2000年代に入って、シネコンの増加とともに日本映画が上昇気流に乗り、公開作品数が増えると、日本映画の特徴であるシリアスな物語で内省的な性格のヒロインを演じるのがうまい蒼井優や宮崎あおいらが脚光を浴びた。彼女たちは、共演者や監督に照らされて輝く、「月型女優」と呼ぶことができる。

最近は映画で脚光を浴びた「月型女優」が、注目度の高さを買われてテレビドラマでも活躍するようになった(下図を参照)。

例えば、近年、映画にCMに引っ張りだこの吉高由里子や、2013年4月スタートのNHK連続テレビ小説のヒロインを演じる能年玲奈、陰のある美少女役がはまる橋本愛などは、ドラマより先に映画界がその才能に注目した女優たちで、「月型」タイプの持ち味を魅力とする。
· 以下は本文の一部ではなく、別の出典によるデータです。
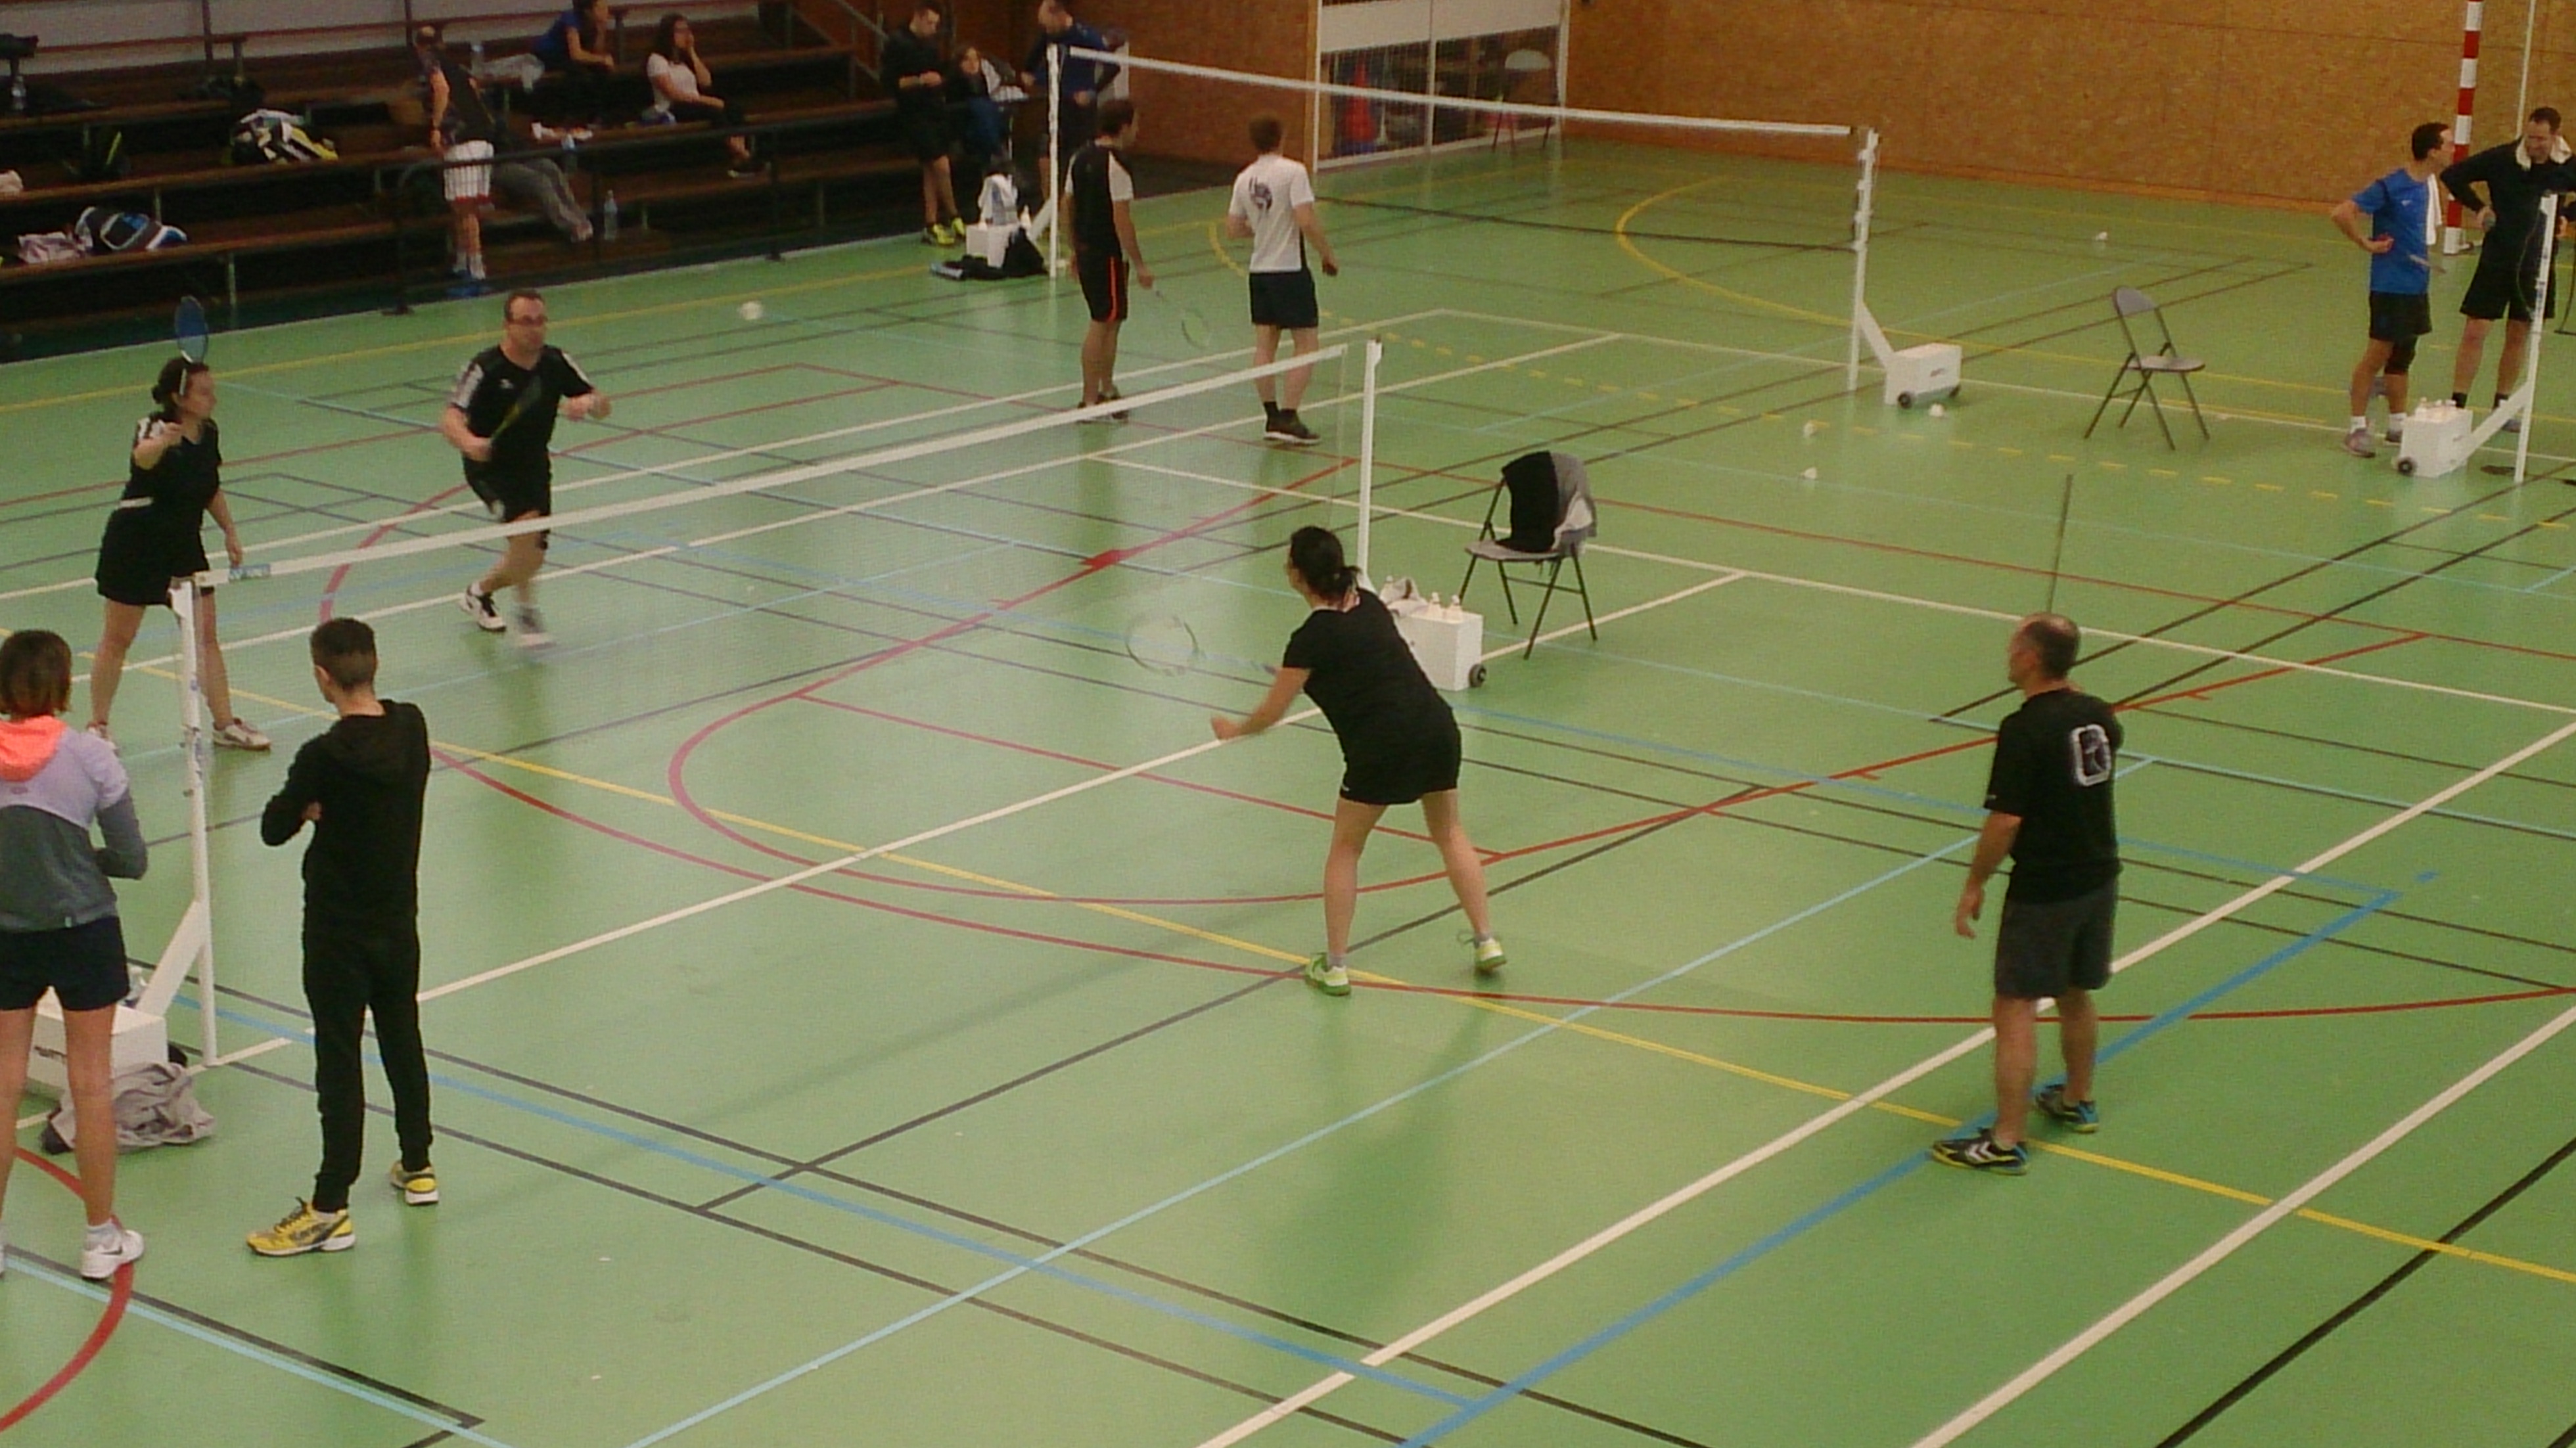 Lamballe Badminton Club #

NHK朝ドラは、以前は前向きに頑張る「太陽型」のヒロイン像を描くことが多かった。しかし、2012年上半期の「梅ちゃん先生」の主演には、ブレイク作の「野ブタ。をプロデュース」以来、「月型」の魅力で活躍してきた堀北真希を起用。今日(2013年4月1日)から始まる「あまちゃん」では、映画「カラスの親指」で詐欺師を演じ、マイペースなキャラクターの中に秘めた「月型」の豊かな感性が高く評価された能年玲奈が主演する。